Help in performing convolution

It's super easy (though a little abstact) to prove using the convolution theorem.
[tex] F\{a \ast b \} = F\{a\} \cdot F\{b\}[/tex]
The Fourier transform of cosine gives you the sum of two delta peaks at [itex]-\omega_0[/itex] and at [itex]\omega_0[/itex]. The Fourier transform of 1/x gives you a sgn-function. You multiply those two together and you get the difference of the delta peaks. You inverse Fourier transform that and you get the sine.

You might as well compute the convolution directly, but I'm still thinking about how to carry out the integration.

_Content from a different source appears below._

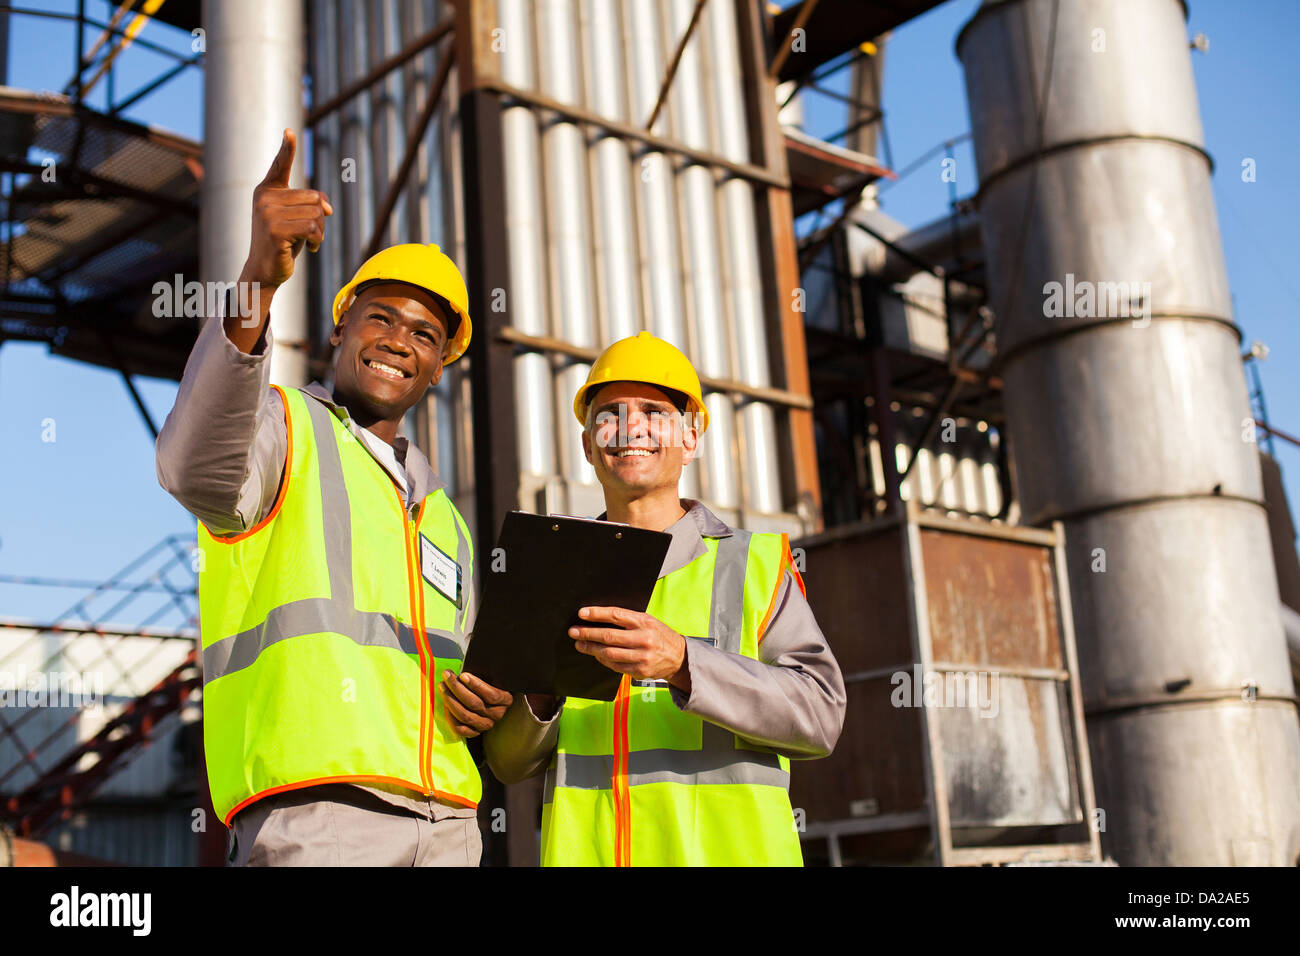 Allegro chimica del combustibile i lavoratori che operano in impianti di raffineria Immagini Stock

If you want a rational argument, keep in mind that the convolution measures the two signals correlation where the argument of the convoluted function is the phase difference of your two input functions.

 

Okay, the sign is pretty simple. You know that the delta function is zero except for one certain point, right? So there is actually a very simple relation.
[tex] \delta(x-x_0) sgn(x) = \delta(x-x_0), x_0>0[/tex]
[tex] \delta(x-x_0) sgn(x) = -\delta(x-x_0), x_0<0[/tex]
I think you can figure that out by yourself.
About the factors... I'll look into it and come back to you, okay?
Btw: I think I figured out a way to do the convolution integral directly through contour integration. Do you wanna know that or are you happy with the convolution theorem?

 

It looks like they missed a factor in the exercise sheet.